#### [ASSIGNMENT]
Your output must be the lines below from the line containing "invest in learning" to the line containing "TOPSHOT - A", both lines included, reproduced exactly and without pictures.

#### [RECORDS SHOWN]

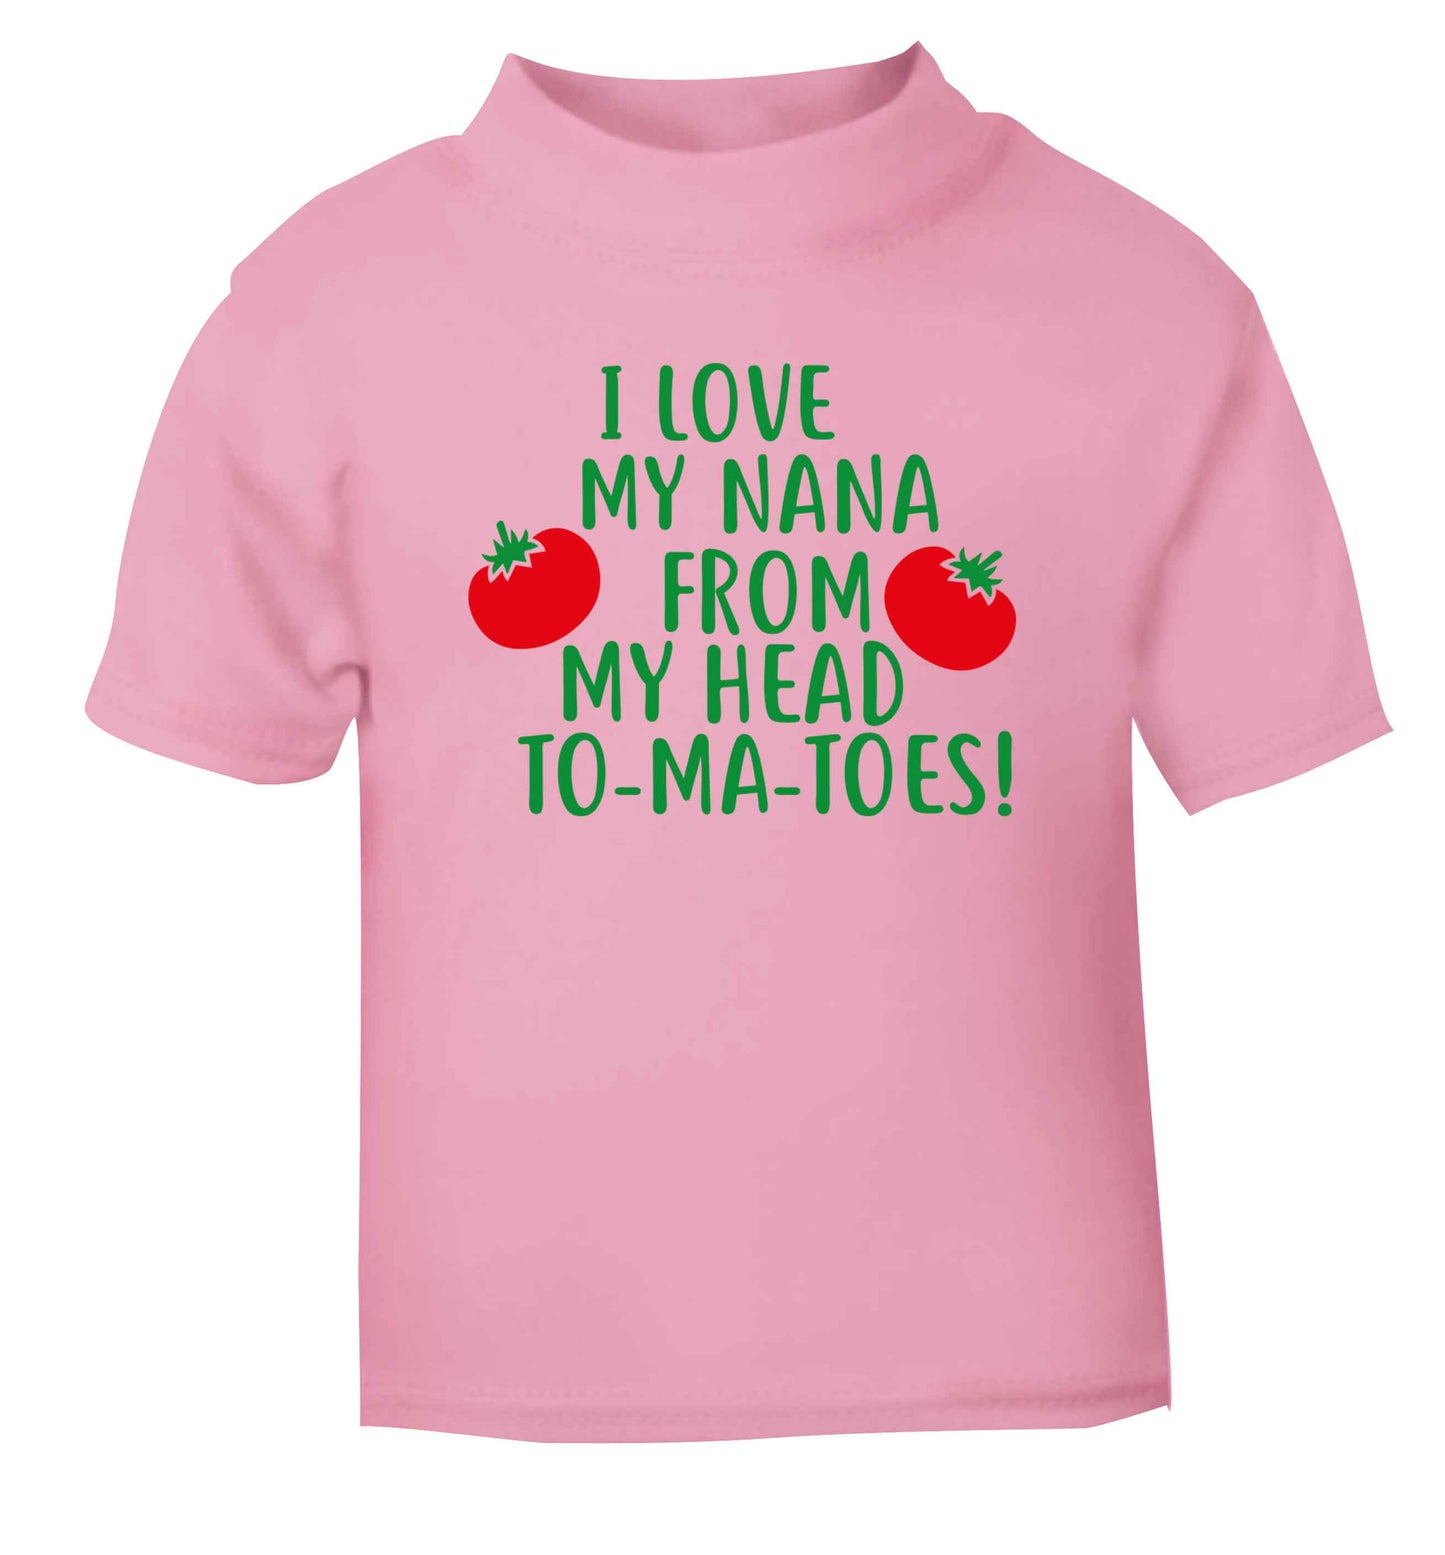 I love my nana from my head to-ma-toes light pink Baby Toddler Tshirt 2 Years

...

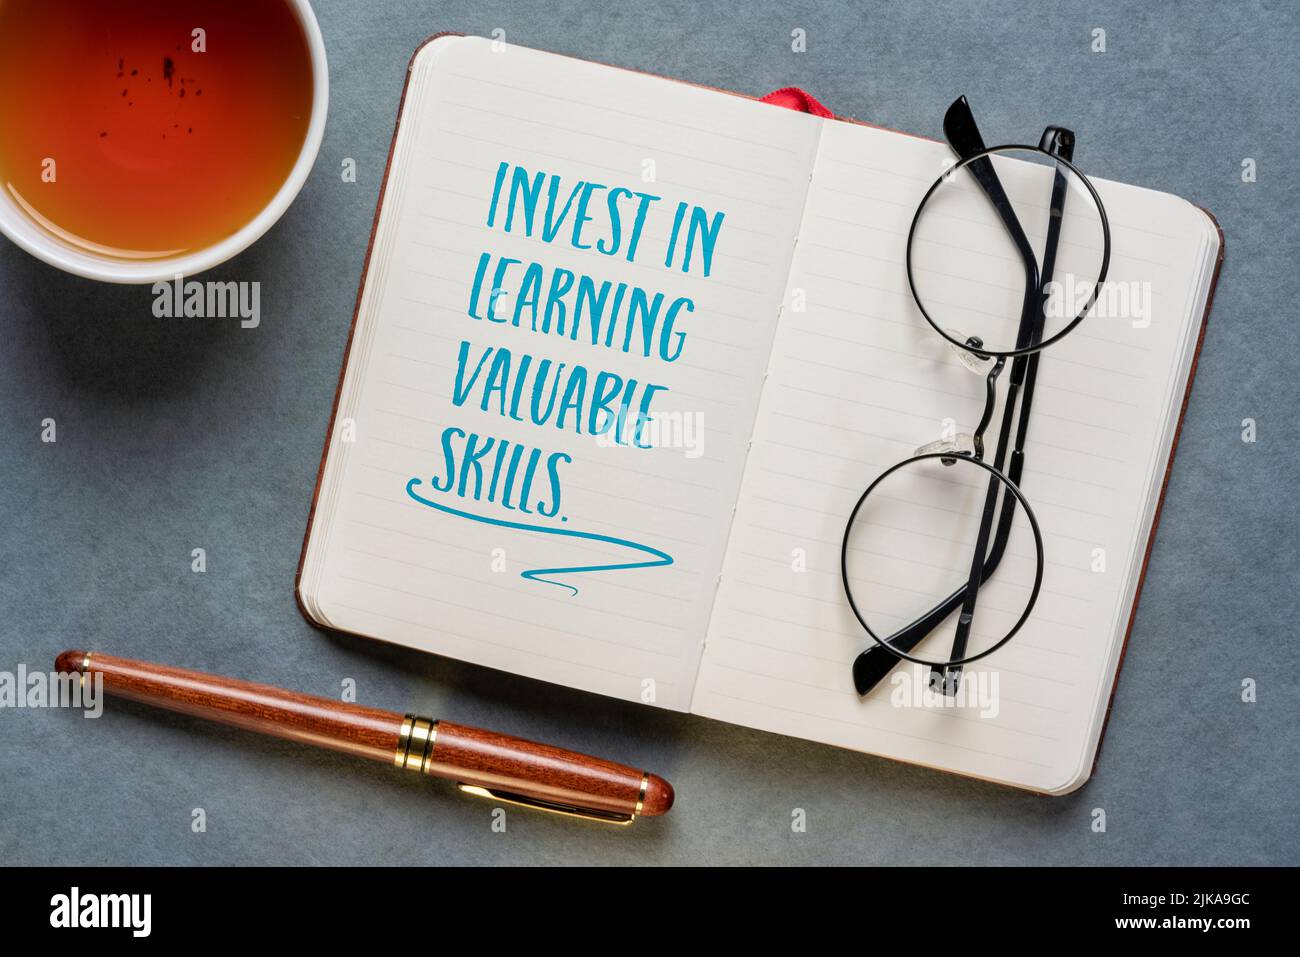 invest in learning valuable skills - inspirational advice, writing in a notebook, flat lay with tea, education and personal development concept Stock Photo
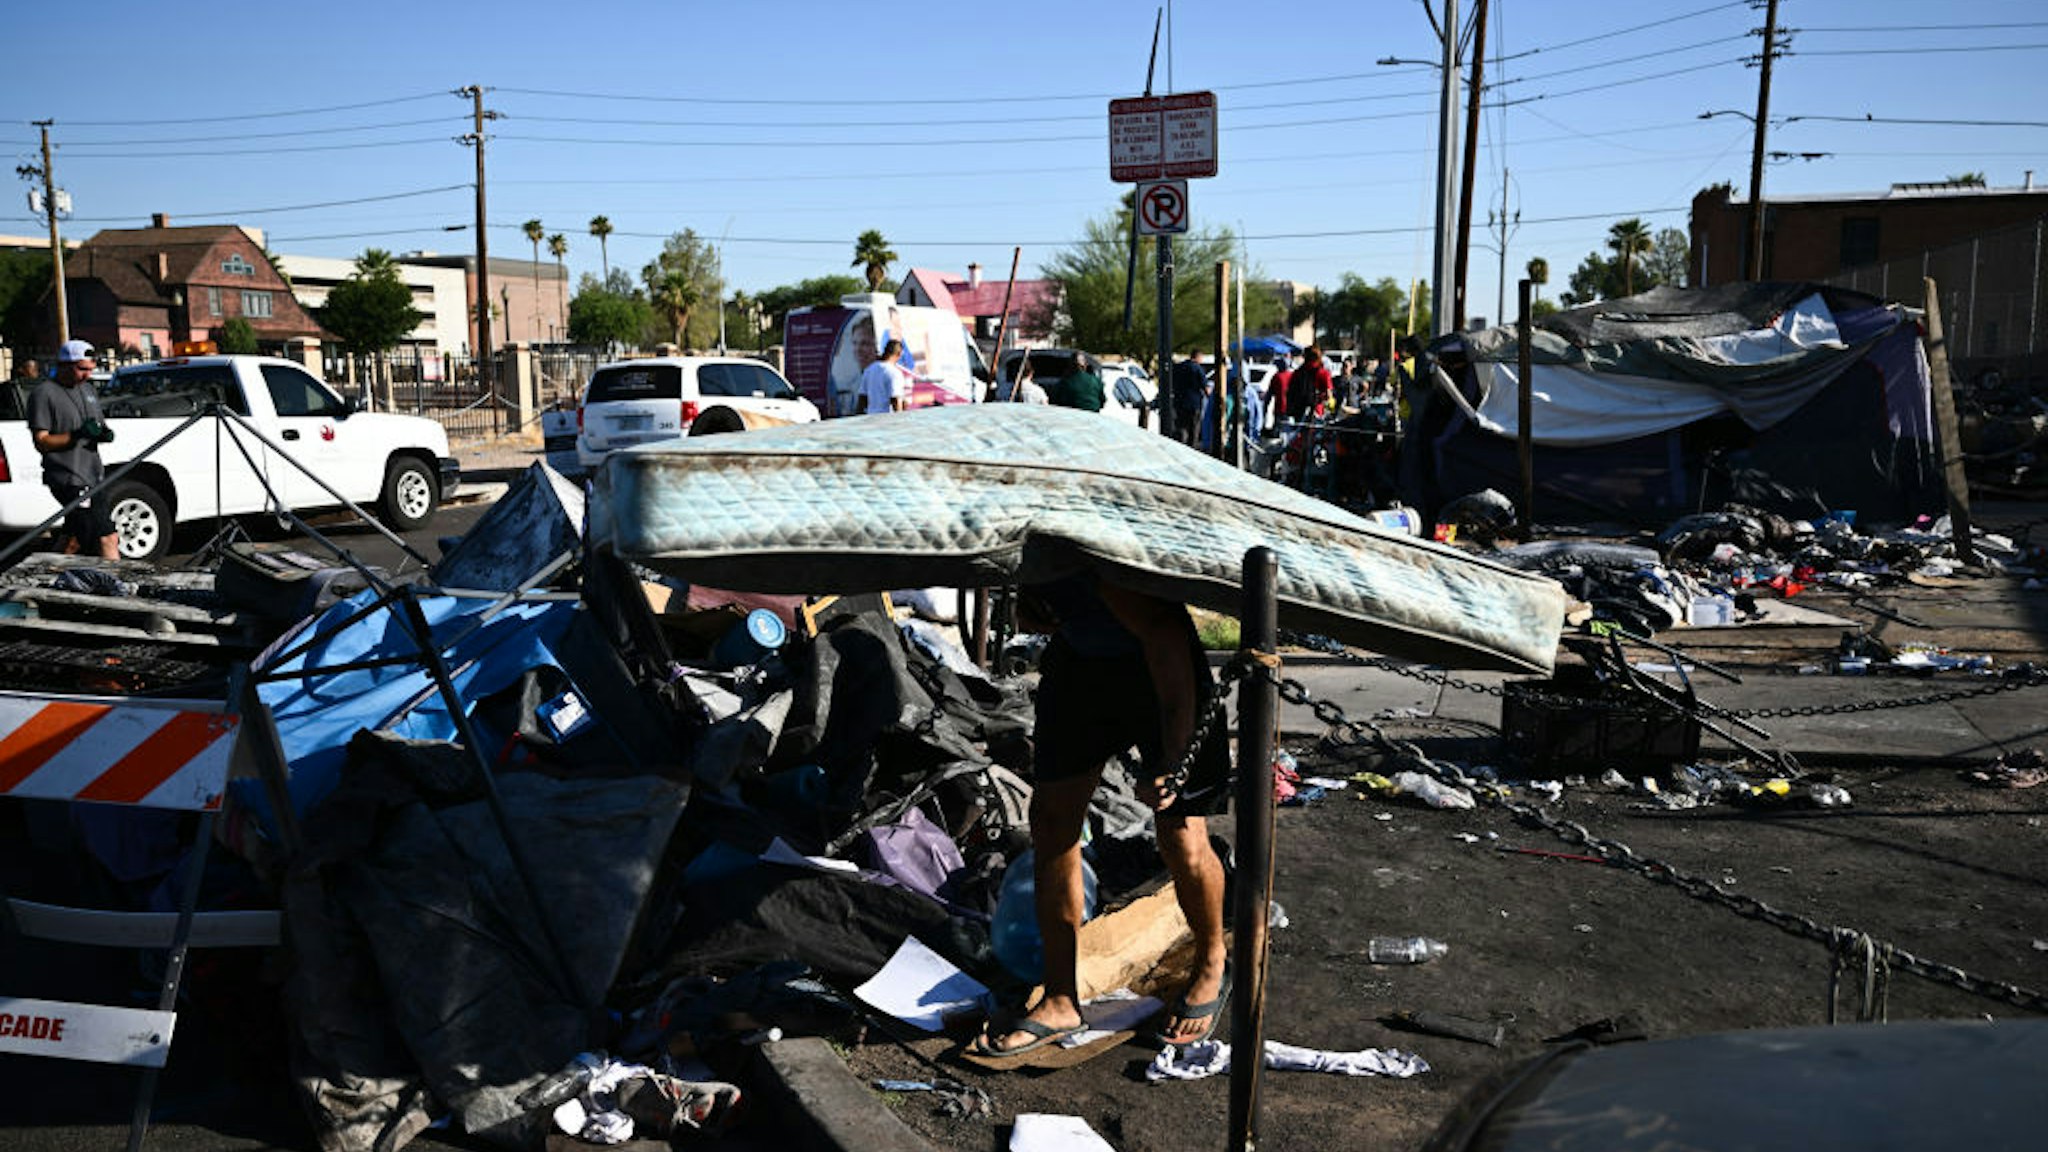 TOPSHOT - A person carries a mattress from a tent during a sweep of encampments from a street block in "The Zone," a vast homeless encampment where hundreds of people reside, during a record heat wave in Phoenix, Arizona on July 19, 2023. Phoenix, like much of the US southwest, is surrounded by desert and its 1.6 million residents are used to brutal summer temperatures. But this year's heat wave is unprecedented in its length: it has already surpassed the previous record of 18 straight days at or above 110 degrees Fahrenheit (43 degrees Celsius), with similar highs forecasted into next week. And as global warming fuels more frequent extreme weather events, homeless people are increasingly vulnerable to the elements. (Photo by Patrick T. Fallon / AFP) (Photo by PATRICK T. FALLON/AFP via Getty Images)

#### [OUTPUT]
 invest in learning valuable skills - inspirational advice, writing in a notebook, flat lay with tea, education and personal development concept Stock Photo
 TOPSHOT - A person carries a mattress from a tent during a sweep of encampments from a street block in "The Zone," a vast homeless encampment where hundreds of people reside, during a record heat wave in Phoenix, Arizona on July 19, 2023. Phoenix, like much of the US southwest, is surrounded by desert and its 1.6 million residents are used to brutal summer temperatures. But this year's heat wave is unprecedented in its length: it has already surpassed the previous record of 18 straight days at or above 110 degrees Fahrenheit (43 degrees Celsius), with similar highs forecasted into next week. And as global warming fuels more frequent extreme weather events, homeless people are increasingly vulnerable to the elements. (Photo by Patrick T. Fallon / AFP) (Photo by PATRICK T. FALLON/AFP via Getty Images)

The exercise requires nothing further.